- [What is being asked]
Write out exactly the lines below that run from the one containing "Red, White, And" through the one containing "Water drops on green leaf.", both included, with no other lines.

- [The input]
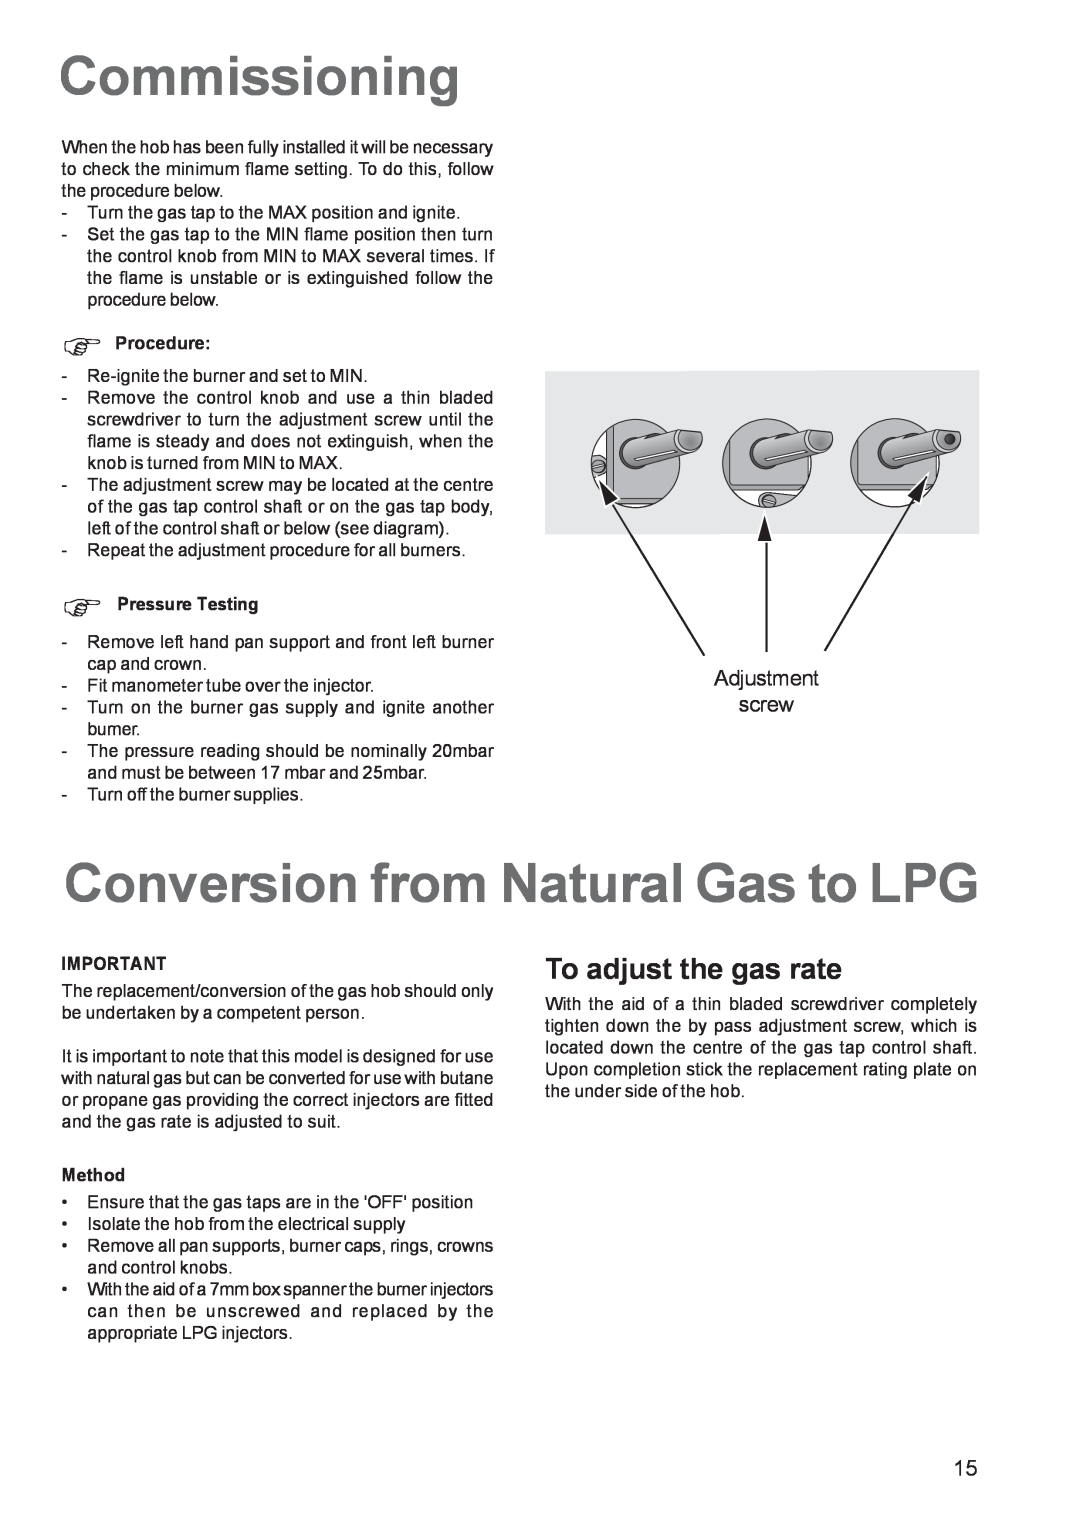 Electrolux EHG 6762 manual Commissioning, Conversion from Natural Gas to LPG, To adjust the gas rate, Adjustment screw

==

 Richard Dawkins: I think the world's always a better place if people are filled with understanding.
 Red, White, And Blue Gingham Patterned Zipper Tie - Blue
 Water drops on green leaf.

- [Expected answer]
 Red, White, And Blue Gingham Patterned Zipper Tie - Blue
 Water drops on green leaf.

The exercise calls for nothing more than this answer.